Extracting temporal equivalence relationships among keywords from time-stamped documents

  • Authors:
  • Parvathi Chundi;Mahadevan Subramaniam;R. M. Aruna Weerakoon

  • Affiliations:
  • University of Nebraska at Omaha, Omaha, NE;University of Nebraska at Omaha, Omaha, NE;University of Nebraska at Omaha, Omaha, NE

  • Venue:
  • DEXA'11 Proceedings of the 22nd international conference on Database and expert systems applications - Volume Part I
  • Year:
  • 2011

Quantified Score

Hi-index 0.00

Visualization

Abstract

Identifying keyword associations from text and search sources is often used to facilitate many tasks such as understanding relationships among concepts, extracting relevant documents, matching advertisements to web pages, expanding user queries, etc. However, these keyword associations change as the underlying content changes with time. Two keywords that are associated with each other during one time period may not be associated in another time period or the context under which these keywords are associated may be different.
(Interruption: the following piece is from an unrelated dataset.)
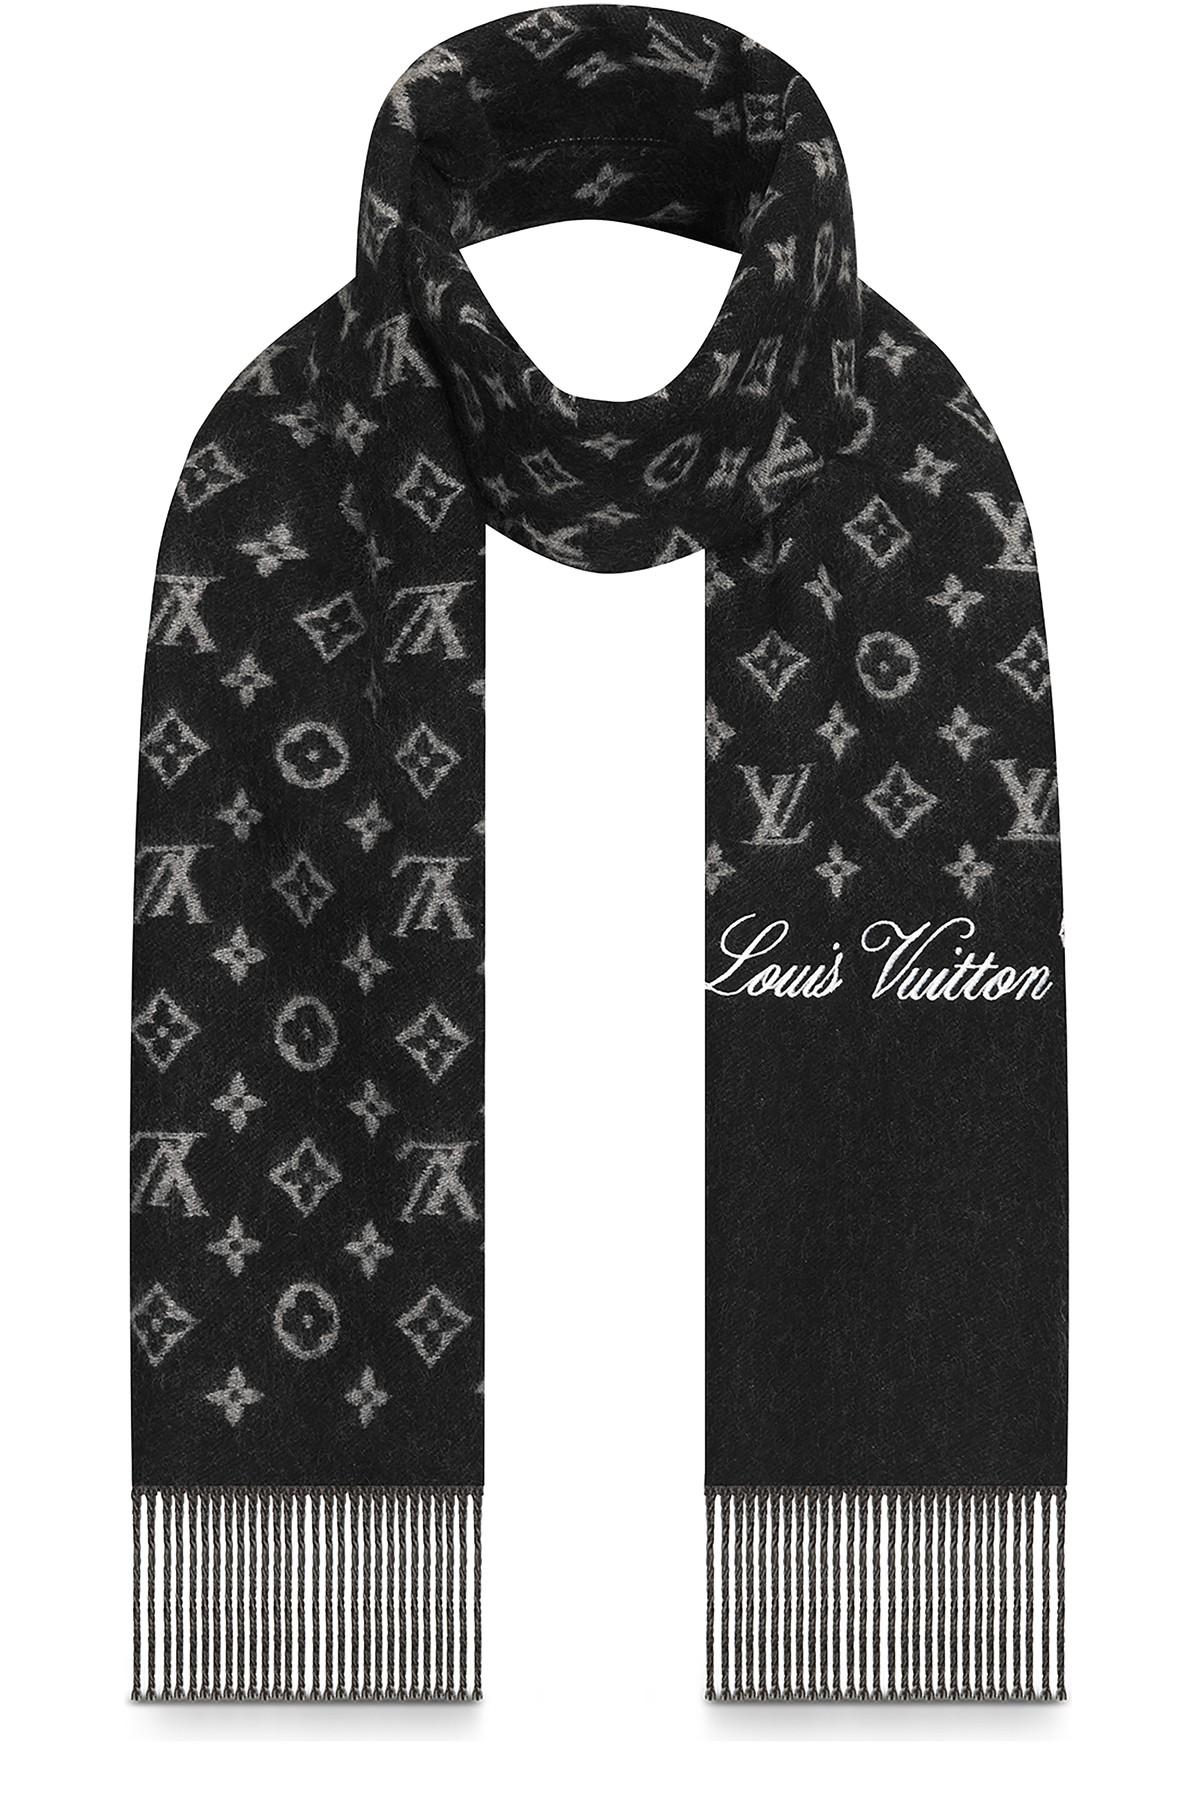 Louis Vuitton Louis Vuitton Gray x White Cashmere Scarf Muffler

In this paper, we define an equivalence relationship among a pair of keywords and develop methods to construct a temporal view of the equivalence relationship. Given a document set D, a keyword a is associated with a context consisting of frequently occurring keyword sets (fs) of D in which a appears. Two keywords a and b are equivalent in D if their contexts are the same. We say that a and b are temporally equivalent in a time interval if a and b are equivalent in the documents published during that time interval. Given a time-stamped document set D published over a time period T, we define the temporal equivalence partitioning problem to construct a partitioning of the time period T into a sequence of maximal length time intervals such that in each time interval keywords a and b are either temporally equivalent or the equivalence relationship does not hold. A temporal equivalence partitioning of a document set for a given pair of keywords highlights all of the different contexts in which the given keywords are associated which can be used to generate time-varying keyword suggestions to users. We show the effectiveness of the approach by constructing the temporal equivalence partitionings of several pairs of keywords from the Multi-Domain Sentiment data set and the ICWSM 2009 Spinn3r data set.